§ **TASK DATA**
<<<<
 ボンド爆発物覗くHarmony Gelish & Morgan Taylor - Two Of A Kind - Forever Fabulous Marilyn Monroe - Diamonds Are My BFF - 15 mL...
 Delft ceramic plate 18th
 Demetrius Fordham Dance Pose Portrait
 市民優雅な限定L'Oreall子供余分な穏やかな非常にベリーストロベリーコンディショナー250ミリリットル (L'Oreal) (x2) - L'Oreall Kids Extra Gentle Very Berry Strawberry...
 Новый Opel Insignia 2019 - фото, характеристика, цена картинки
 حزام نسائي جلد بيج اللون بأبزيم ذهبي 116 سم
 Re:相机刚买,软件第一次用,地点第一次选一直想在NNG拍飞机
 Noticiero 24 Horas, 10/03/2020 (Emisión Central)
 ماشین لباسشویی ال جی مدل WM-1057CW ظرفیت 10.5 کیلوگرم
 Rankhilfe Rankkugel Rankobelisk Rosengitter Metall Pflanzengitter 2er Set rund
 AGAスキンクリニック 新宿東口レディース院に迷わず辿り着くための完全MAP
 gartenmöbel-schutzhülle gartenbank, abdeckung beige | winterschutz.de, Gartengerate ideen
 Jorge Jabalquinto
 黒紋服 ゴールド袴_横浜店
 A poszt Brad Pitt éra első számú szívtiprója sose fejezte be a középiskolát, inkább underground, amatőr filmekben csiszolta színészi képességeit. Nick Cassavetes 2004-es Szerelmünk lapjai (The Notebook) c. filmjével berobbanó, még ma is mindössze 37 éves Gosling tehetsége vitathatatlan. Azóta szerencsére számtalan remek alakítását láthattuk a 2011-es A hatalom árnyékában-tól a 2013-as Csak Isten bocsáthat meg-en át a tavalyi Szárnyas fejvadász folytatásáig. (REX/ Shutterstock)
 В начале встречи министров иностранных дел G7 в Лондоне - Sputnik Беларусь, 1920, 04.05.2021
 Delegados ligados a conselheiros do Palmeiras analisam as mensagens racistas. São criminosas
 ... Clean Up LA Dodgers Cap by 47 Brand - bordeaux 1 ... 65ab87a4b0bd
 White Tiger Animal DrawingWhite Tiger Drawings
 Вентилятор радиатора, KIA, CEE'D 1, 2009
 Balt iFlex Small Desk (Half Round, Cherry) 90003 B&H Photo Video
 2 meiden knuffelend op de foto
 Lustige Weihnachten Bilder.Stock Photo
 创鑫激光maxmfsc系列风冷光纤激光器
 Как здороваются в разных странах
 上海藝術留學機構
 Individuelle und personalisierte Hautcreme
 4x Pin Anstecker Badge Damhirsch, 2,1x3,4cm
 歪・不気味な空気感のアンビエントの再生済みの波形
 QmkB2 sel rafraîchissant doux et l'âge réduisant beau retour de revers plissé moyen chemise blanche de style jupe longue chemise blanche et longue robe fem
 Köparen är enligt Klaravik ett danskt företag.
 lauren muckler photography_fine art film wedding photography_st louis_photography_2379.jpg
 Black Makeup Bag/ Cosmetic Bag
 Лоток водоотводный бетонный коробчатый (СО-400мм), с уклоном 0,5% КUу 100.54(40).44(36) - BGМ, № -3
>>>>
§ **WORK REQUIRED**
In the listing above, take the line containing "1 ... 65ab87a4b0bd" as the start and write out every line through the last one exactly, with nothing added.

§ **RESULT BELOW**
 ... Clean Up LA Dodgers Cap by 47 Brand - bordeaux 1 ... 65ab87a4b0bd
 White Tiger Animal DrawingWhite Tiger Drawings
 Вентилятор радиатора, KIA, CEE'D 1, 2009
 Balt iFlex Small Desk (Half Round, Cherry) 90003 B&H Photo Video
 2 meiden knuffelend op de foto
 Lustige Weihnachten Bilder.Stock Photo
 创鑫激光maxmfsc系列风冷光纤激光器
 Как здороваются в разных странах
 上海藝術留學機構
 Individuelle und personalisierte Hautcreme
 4x Pin Anstecker Badge Damhirsch, 2,1x3,4cm
 歪・不気味な空気感のアンビエントの再生済みの波形
 QmkB2 sel rafraîchissant doux et l'âge réduisant beau retour de revers plissé moyen chemise blanche de style jupe longue chemise blanche et longue robe fem
 Köparen är enligt Klaravik ett danskt företag.
 lauren muckler photography_fine art film wedding photography_st louis_photography_2379.jpg
 Black Makeup Bag/ Cosmetic Bag
 Лоток водоотводный бетонный коробчатый (СО-400мм), с уклоном 0,5% КUу 100.54(40).44(36) - BGМ, № -3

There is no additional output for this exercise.